3
В произнесении звуков английского языка участвуют гортань, мягкое небо, губы, язык (этот Полишинель труппы) и, наконец, последней по порядку, но не своему значению — нижняя челюсть; именно ее неумеренно энергичным и отчасти жевательным движениям Пнин отводил главную роль, занимаясь в классе переводом отрывков из учебника русской грамматики или какого-нибудь стихотворения Пушкина. И если русская речь его была музыкой, то английская — смертоубийством. У него были невероятные трудности (слово это на пнинском "инглиише" звучало как "дзиифиикуултсии") с твердыми согласными, и он никогда не мог избавиться от избыточной русской влажности, произнося "t" и "d", которые он так причудливо смягчал перед гласными. Его взрывное "hat" ("шляпа" — "Я никогда не двигаюсь в шляпе, даже зимой") отличалось от обычного американского произношения этого слова — "hot" (именно так произносят его уэйндельские горожане, что, как известно, соответствует английскому "жаркий") лишь своей краткостью, что, однако, делало его похожим на немецкий глагол "hat" ("имеет"). Долгие "о" с неизбежностью становились у него короткими: его отрицание "ноу" с определенностью превращалось у него в итальянское "но", и это становилось особенно заметным из-за этой его привычки утраивать простое отрицание ("Вас подвести, мистер Пнин?" — "Но-но-но, я имею отсюда жить два шага"). Он вовсе не употреблял (даже не замечая этого) долгих "у"; единственное, что он способен был произнести, когда нужно было сказать, например, "noon", была вялая гласная из немецкого слова "nun".[19] ("Я не имею уроков вторником после полудня — „afternun“. А сегодня есть вторник".)

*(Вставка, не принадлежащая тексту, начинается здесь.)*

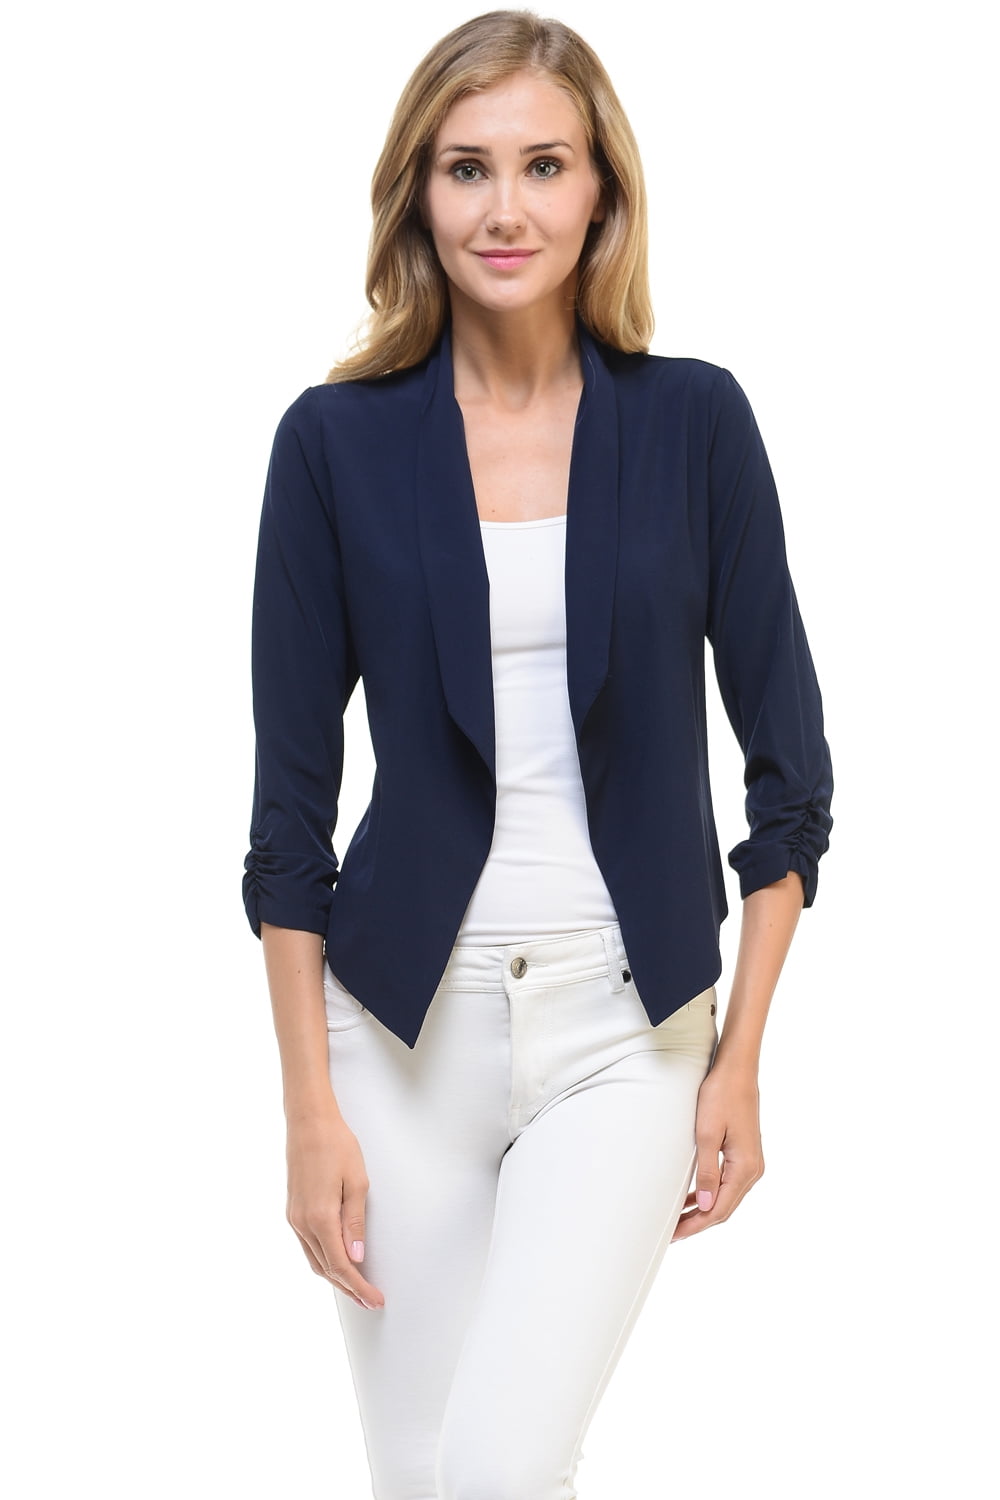 FCMKBT Women's Blazer Jacket,Plus Size 3/4 Ruched Sleeve Lapel Cardigan Ladies Stretchy Slim Open Front Lightweight Office Coat

Вторник-то вторник; но вот какое же все-таки число, спросим мы. День рождения Пнина приходился, к примеру, на 3 февраля по Юлианскому календарю, согласно которому он и рожден был на свет в Санкт-Петербурге в 1898 году. Он больше не отмечал его, отчасти потому, что после отъезда из России день этот как-то незаметно предстал в Грегорианском обличье (на тринадцать, нет, на двенадцать дней позже), а отчасти и потому, что на протяжении учебного года календарь его строился по принципу понвторсредчет пят субвос.
На скрытой меловым облаком черной доске, которую он не без юмора называл серой доской ("грэйборд" вместо "блэкборд"), Пнин стал писать дату. На локтевом сгибе руки он еще ощущал тяжесть Zol. Fond Lit. Дата, которую он написал, не имела ничего общего с сегодняшним днем в Уэйнделе:
26 декабря 1829 года
Пнин старательно ввинтил мелом огромную белую точку и добавил снизу:
3.03 пополудни. Санкт-Петербург.{33}
Все это послушно списали с доски Фрэнк Лапотинг, Роуз Калиостро, Фрэнк Кэррол, Ирвинг Д. Герцен, красивая и умная Мэрилин Гонор, Джон Мид Младший, Питер Волков и Аллан Брэдбери Волш.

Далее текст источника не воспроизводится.